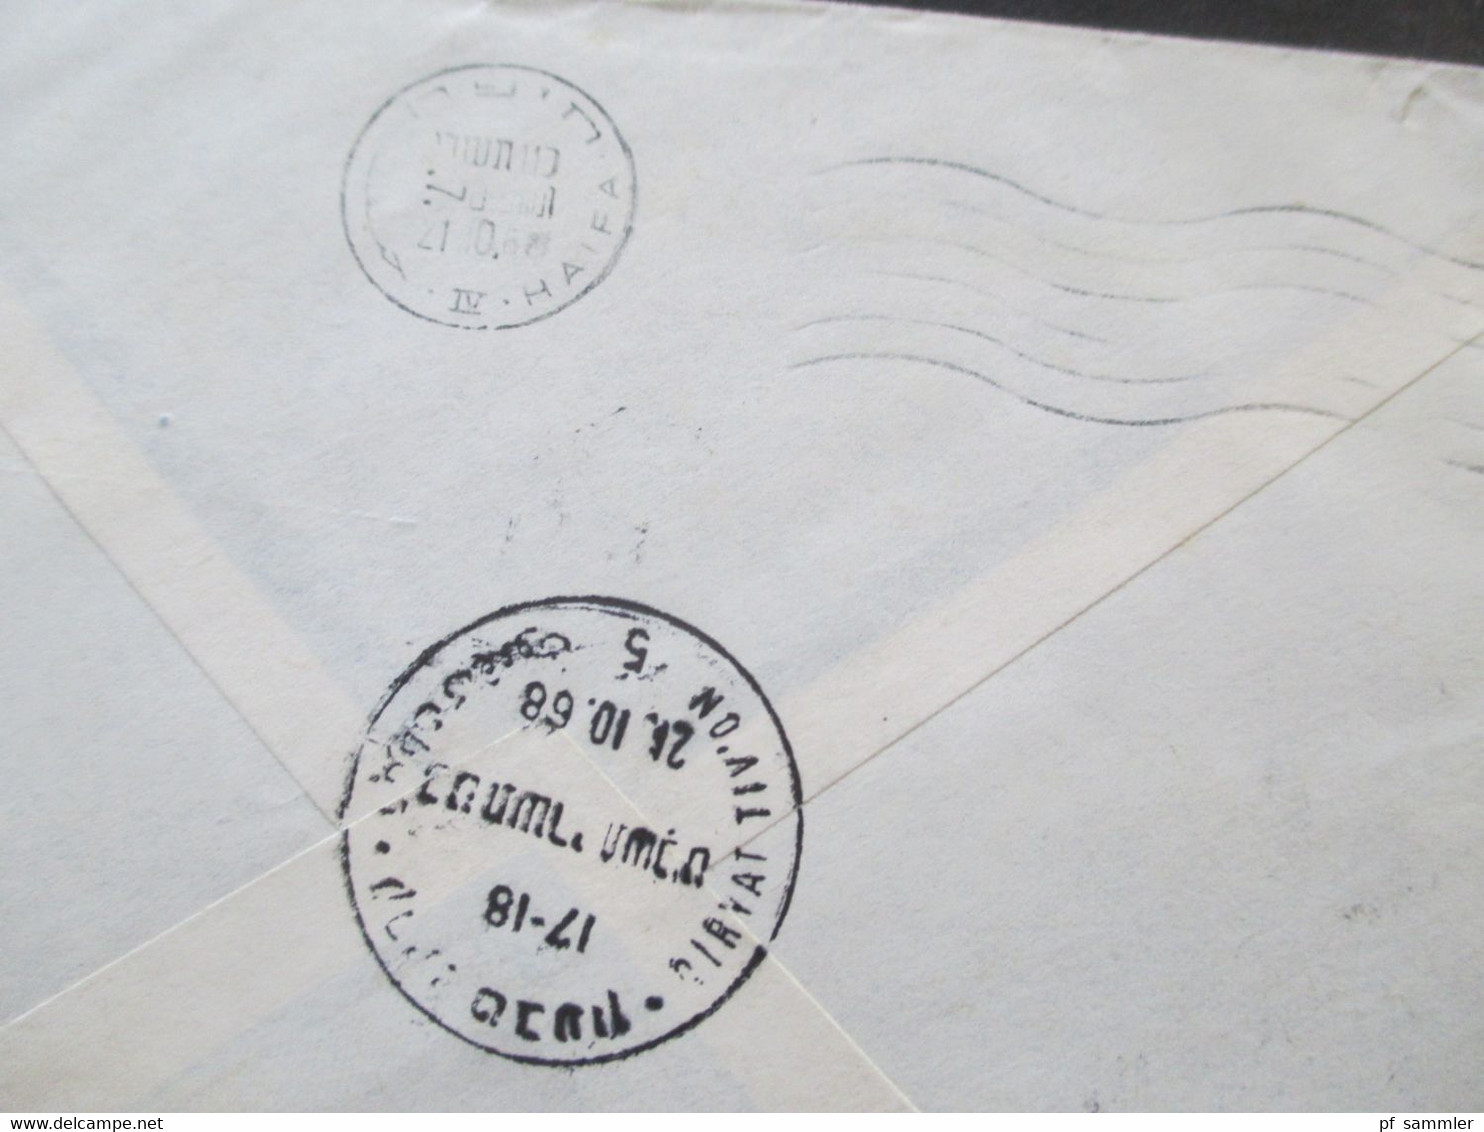 Israel 1968 Air Mail Luftpostbrief Einschreiben Qiryat Tiv'on - München Marke Vom Unterrand! Rückseitig 2 Stempel. - Covers & Documents
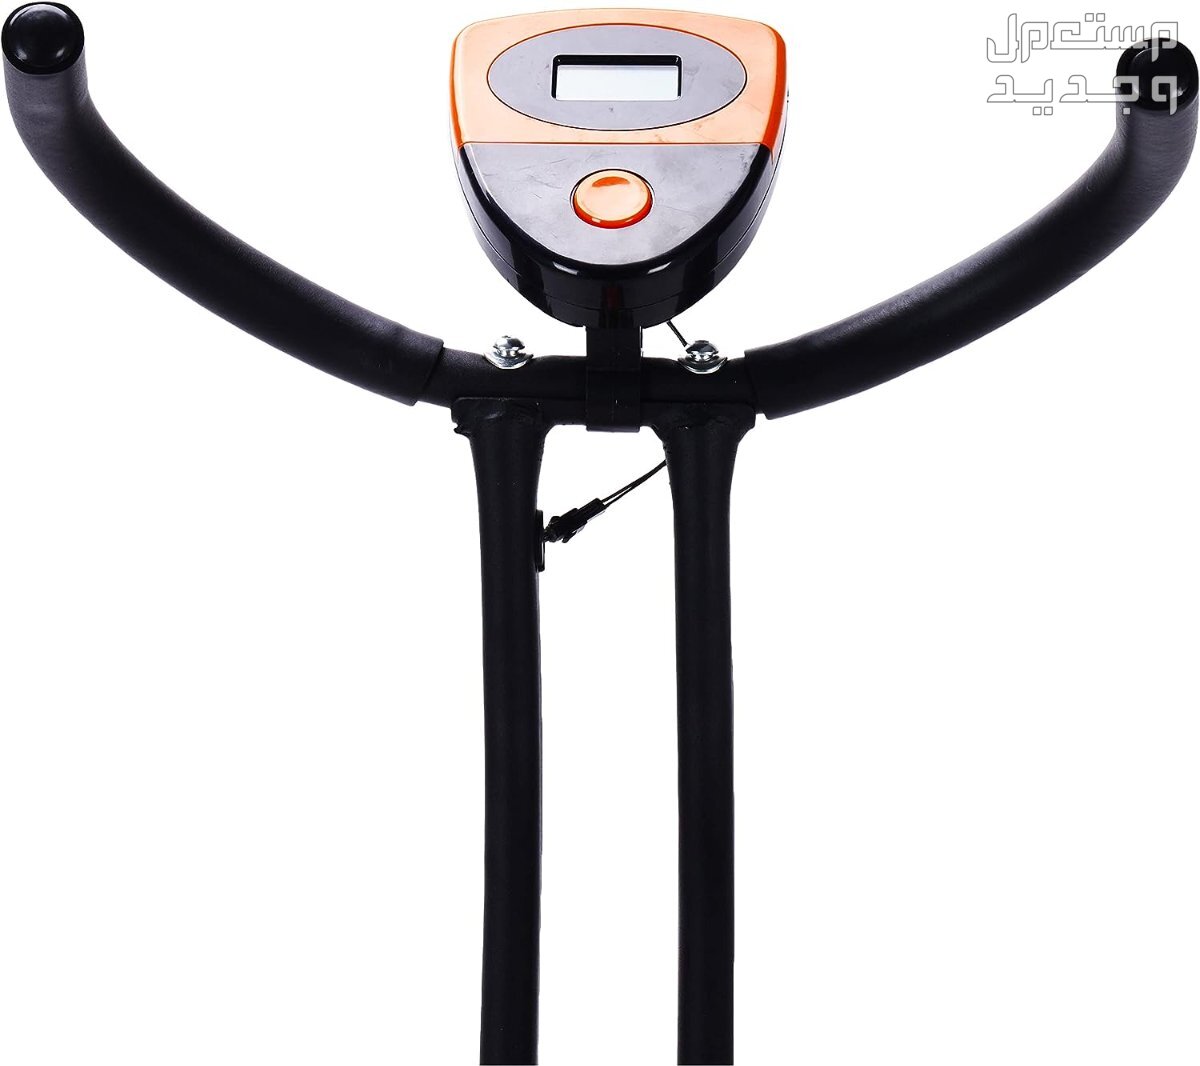 ارخص اجهزة رياضية مستعملة بالمواصفات والصور والاسعار في الإمارات العربية المتحدة جهاز ‎دراجة كارديو ‎بودي بيلدر موديل ‎38-1112-Orange
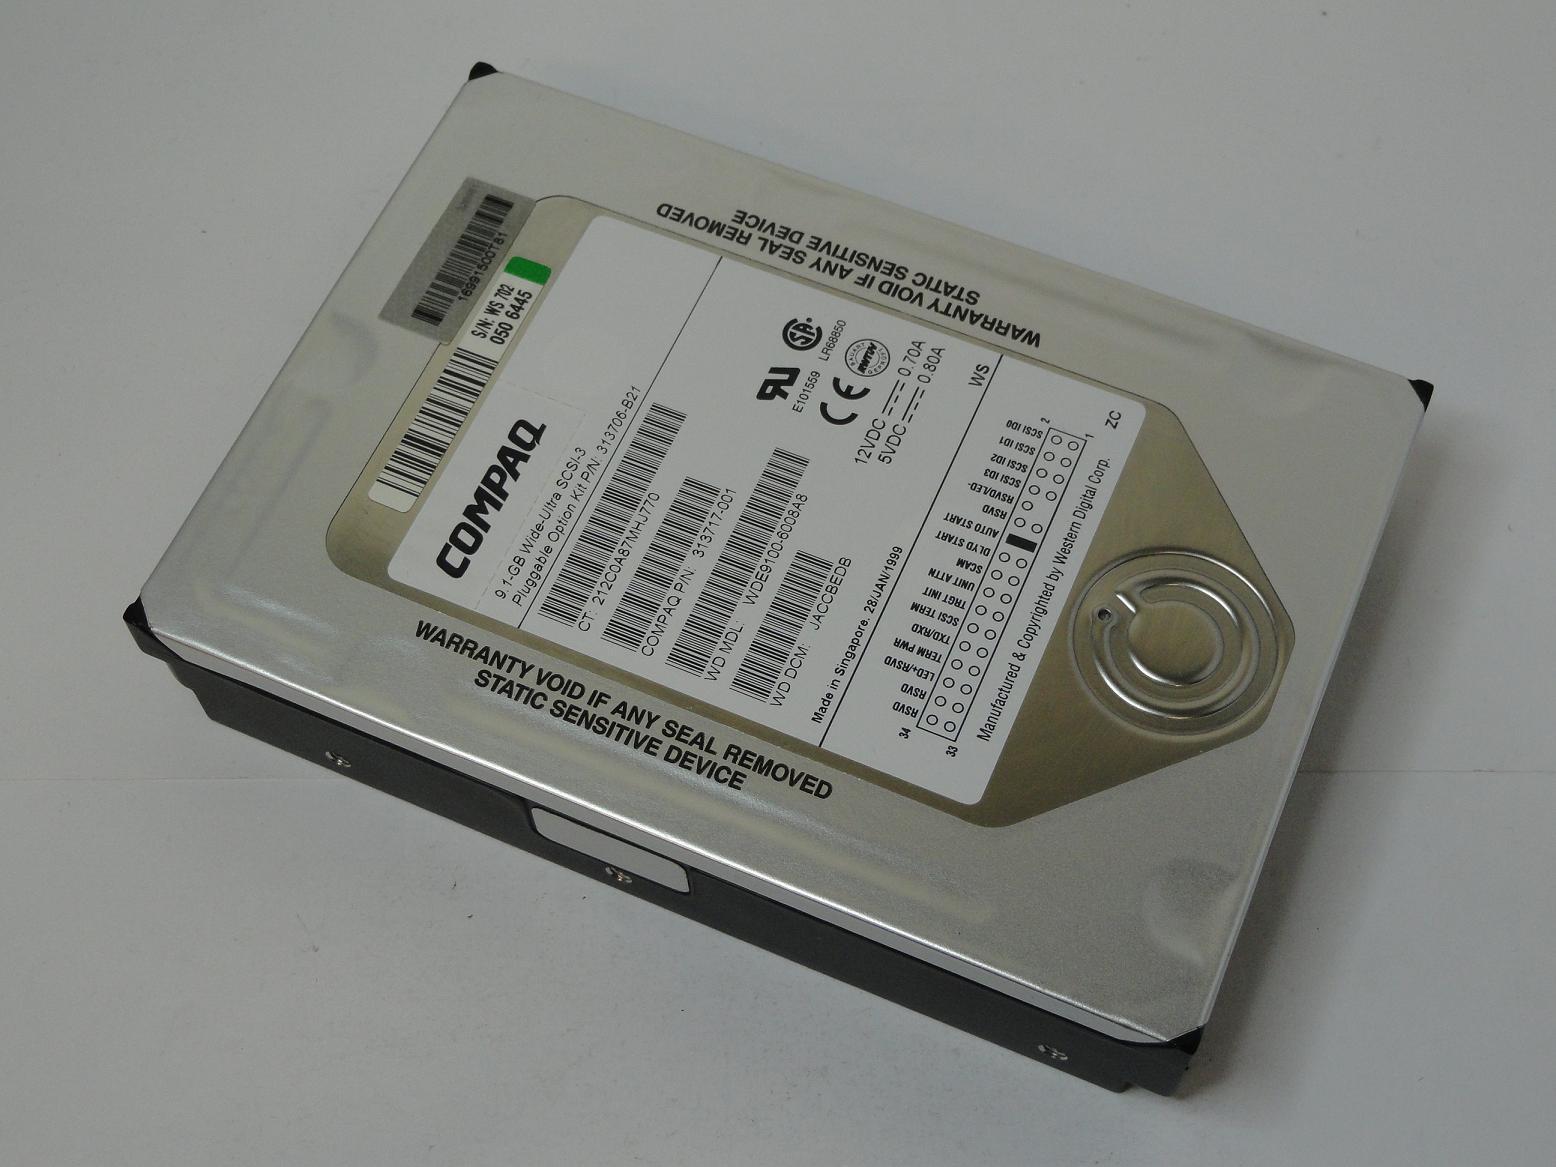 313717-001 - Compaq/WDigital 9GB SCA 80 HDD - Refurbished

- _Work item_:
Transcribe the listing exactly. Its images are to be omitted.

- _Task answer_:
 Israel 1968 Air Mail Luftpostbrief Einschreiben Qiryat Tiv'on - München Marke Vom Unterrand! Rückseitig 2 Stempel. - Covers & Documents
 ارخص اجهزة رياضية مستعملة بالمواصفات والصور والاسعار في الإمارات العربية المتحدة جهاز ‎دراجة كارديو ‎بودي بيلدر موديل ‎38-1112-Orange
 313717-001 - Compaq/WDigital 9GB SCA 80 HDD - Refurbished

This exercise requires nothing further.